The Legal Path to a Voluntary “Kick the Tires” Period
Though it seems unlikely that the president can force AI labs to participate in a review system, he does not need to if the underlying goal is to translate the results of CAISI’s voluntary evaluations of model capabilities into general cyber readiness assistance. The leading labs already make their models available to CAISI for rigorous testing on a voluntary basis. Given that they have a vested interest in avoiding the following headline: “AI Lab Bypasses Federal Testing; Cyberattacks Proliferate,” they may agree for such testing to occur two or three weeks prior to generally deploying their model.
A more evocative hypothetical stresses this point. Imagine that a leading lab releases a model with notable cyber capabilities days before the November elections. Political actors may allege that local and state officials likely had their election systems undermined by bad actors using the latest AI model. It would be hard to dismiss such a claim under the status quo. One could easily foresee reports on “Model ____ Blamed for Cyberattacks; Election Results Contested.” Such headlines would become far less likely if a short-term “Kick the Tires” period became standard practice.
Suppose instead that prior to that model’s release, CAISI concludes—based on publicly disclosed, objective evaluations that return clearly established threat models—that the model would indeed expose critical infrastructure, local, state, tribal, and federal actors, and private entities to cyber threats, they can immediately share that information with CISA. The CISA director would then need to evaluate whether a "specific significant incident is likely to occur imminently” in order to trigger additional authorities under the Homeland Security Act.
Significant incident refers to “an incident or a group of related incidents that results, or is likely to result, in demonstrable harm to— (i) the national security interests, foreign relations, or economy of the United States; or (ii) the public confidence, civil liberties, or public health and safety of the people of the United States.” Mass deployment of a model with heightened cyber capabilities seems likely to qualify. As noted above, Mythos is capable of hacks that require 20-hours of human work. If a model of a similar capability was in the hands of even a couple dozen bad actors, there would likely be widespread economic harm and, perhaps, threats to the public health and safety of the public.

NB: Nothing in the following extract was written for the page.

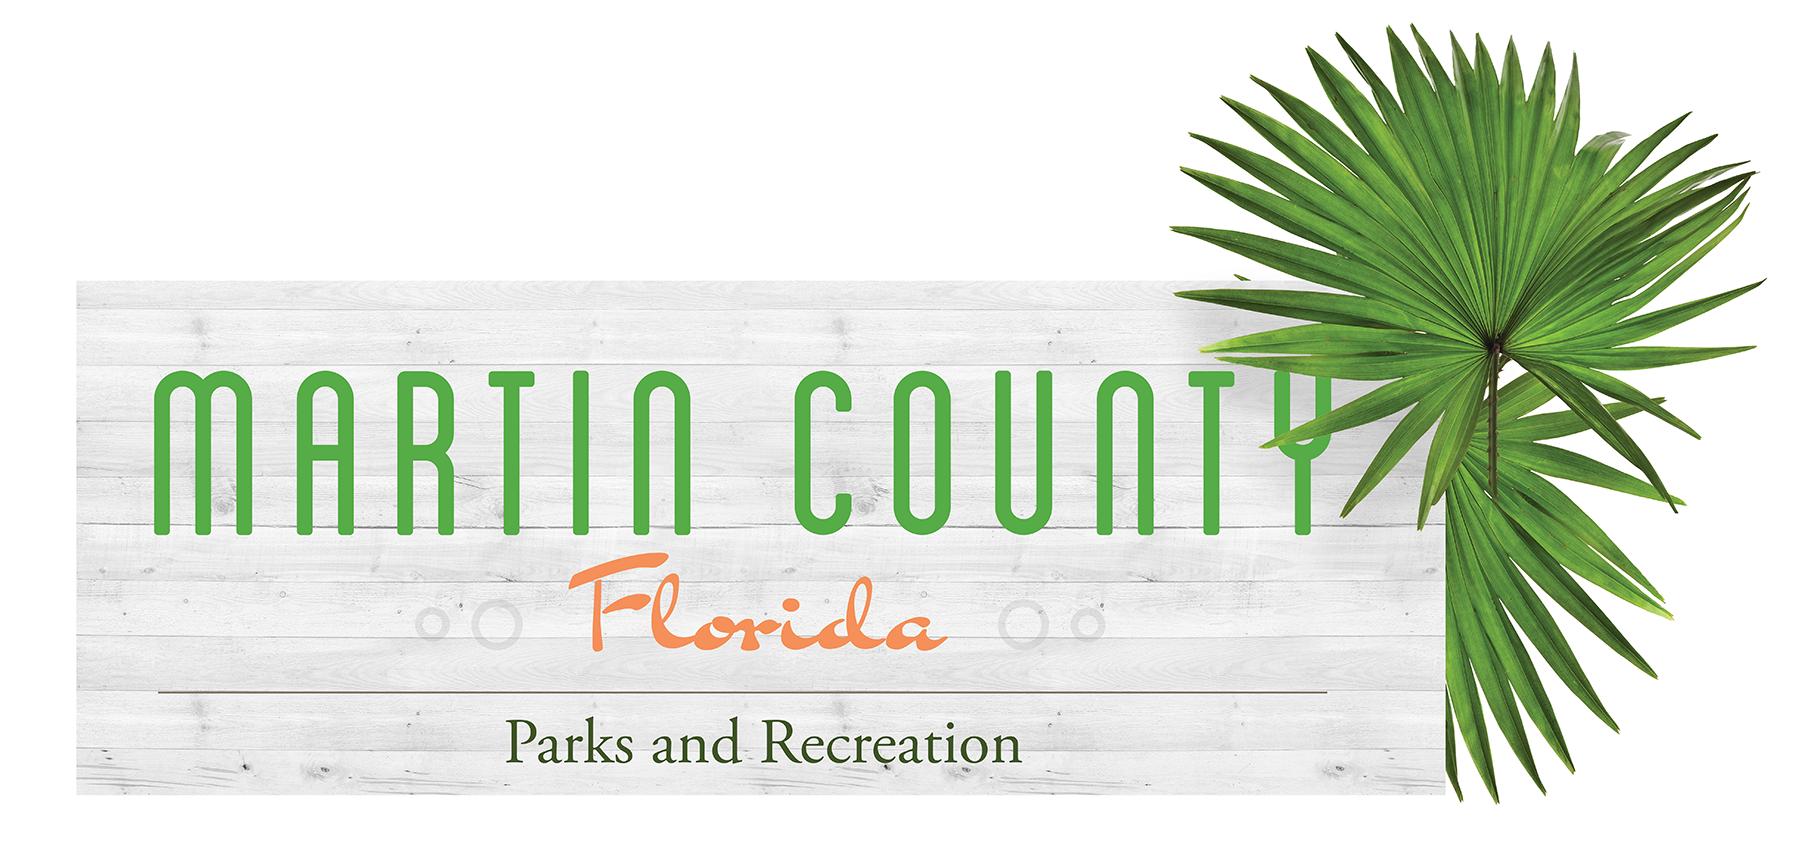 Parks and Rec Palm logo trans

The CISA director could then use the Cyber Response and Recovery Fund to help a range of stakeholders—public and private—with “vulnerability assessments and mitigation; technical incident mitigation; malware analysis; analytic support; threat detection and hunting; and, network protections.”
Of course, the biggest “if” here is whether labs would agree to this “Kick the Tires Period.” Labs have reasons to say yes.
A specific, time-bound testing window run by CAISI is preferable to the alternatives on the table—whether that means a mandatory review regime, which would likely run afoul of the law, or the reputational fallout of a post-deployment incident traced back to capabilities the lab knew about but did not flag.
CISA, for its part, would need to commit to handling shared model information with the same care it extends to vulnerability disclosures from private security researchers, lest labs conclude that cooperation invites leakage rather than partnership.
Such an approach would not require new legislation, nor would it require the administration to stretch the DPA past its breaking point—it requires only that the relevant agencies use the authorities they already have, and that the labs recognize a voluntary framework is the one most likely to keep a mandatory one off the table.